Opt-in switch to rip £36m hole in RNLI’s finances

rnli 2The RNLI has revealed the high cost it will shoulder to become the first major UK charity to adopt an opt-in marketing data regime after it predicted the move will leave a £36m hole in its coffers over the next five years.
While agency chiefs have slammed the strict opt-in recommendations in Sir Stuart Etherington’s recent fundraising review, branding them “dangerous” and “ludicrous”, the RNLI’s  direct marketing agency of record, Proximity London, will be forced to either like it or lump it.
From January 1, 2016, the RNLI’s fundraising campaigns will no longer target existing or potential donors by telephone, email or direct mail unless they have given their explicit consent, even though the charity says the decision will cost it £35.6m between now and 2020 – just under 20% of its £190m income in 2014.
Of course, as one of the richest charities in the UK, there will be some who claim the RNLI can afford to take the higher ground. Other charities which rely heavily on bought-in and shared data will not have that luxury.
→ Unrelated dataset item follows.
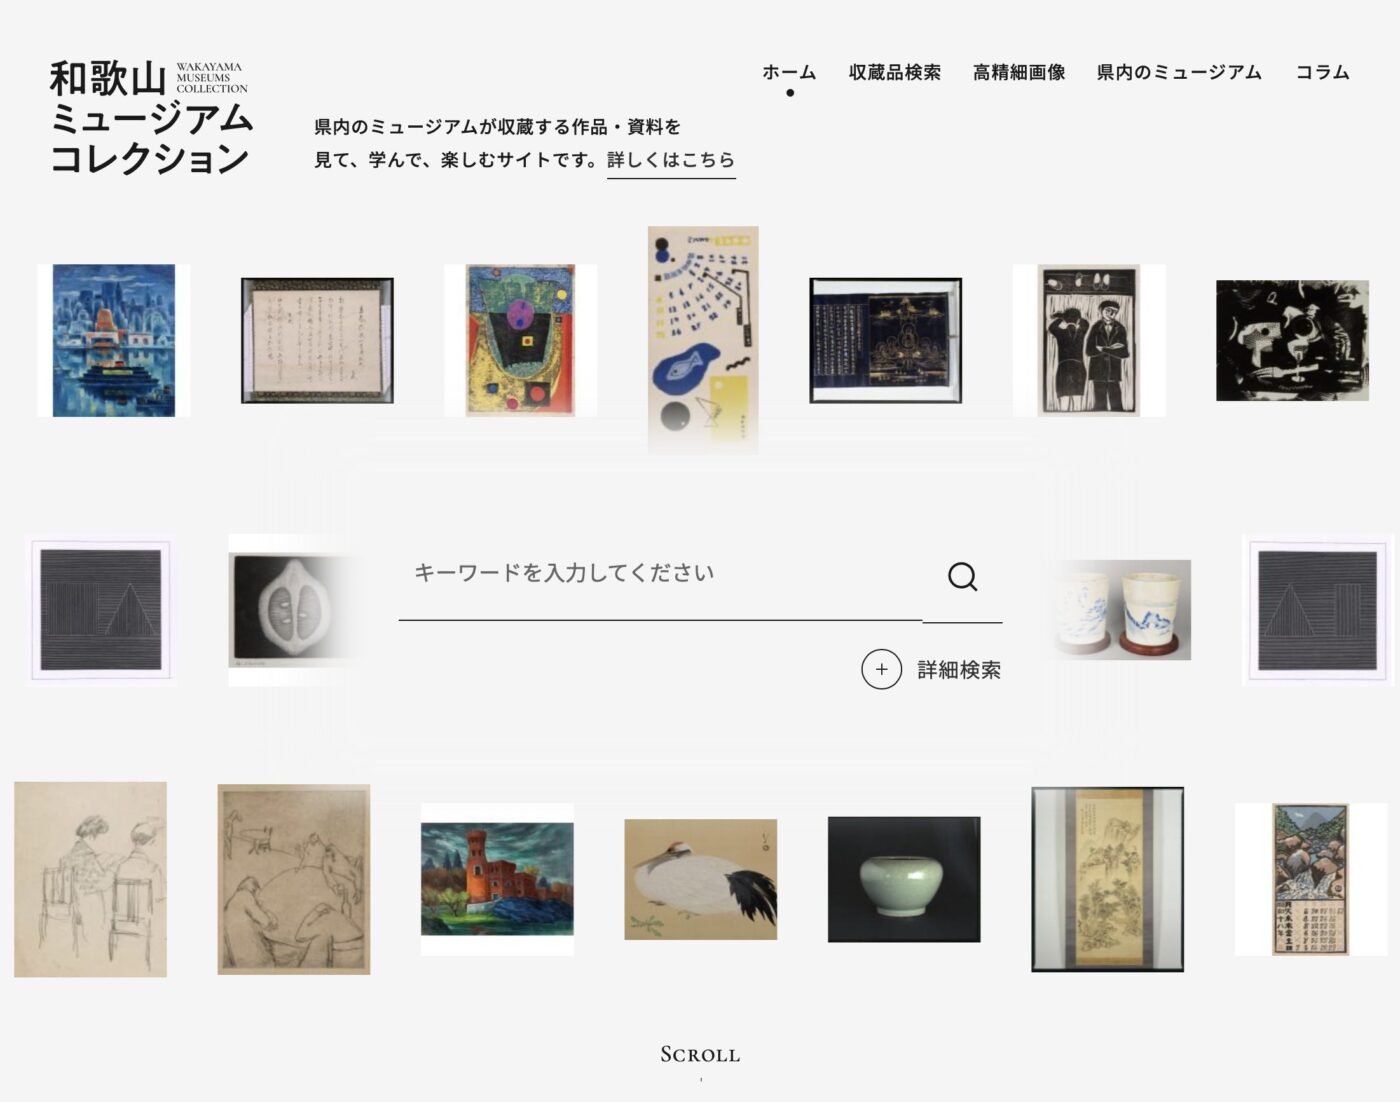 ポータルサイト「和歌山ミュージアムコレクション」

The RNLI predicts the move to opt-in will result in a loss of about £11m – about 6% of its income – in 2016, falling to £4.4m in 2020 as the charity finds new ways of clawing in income.
Leesa Harwood, director of fundraising at the charity, said in a statement: “The RNLI is making this change because we believe it’s the right thing to do. We’ve always prided ourselves on our ethical approach to fundraising and the RNLI has been investigating how to reduce its reliance on direct marketing since late last year.
“Events such as the tragic death of Olive Cooke have made it clear that this kind of change is overdue, so we’ve accelerated our move to an opt-in fundraising system.”
Harwood added that the charity understood that not all not-for-profit organisations were in the same position as the RNLI and that an opt-in system was not an easy thing to adopt. However, she insisted the RNLI would share what it learned with other charities to help other them reassess their own strategies.
The RNLI was one of 17 charities – including British Red Cross, the NSPCC, Oxfam, Macmillan Cancer Care, Royal British Legion, Save the Children and Cancer Research UK – which recently issued a statement apologising for failing to live up to the “high standards” expected by the public.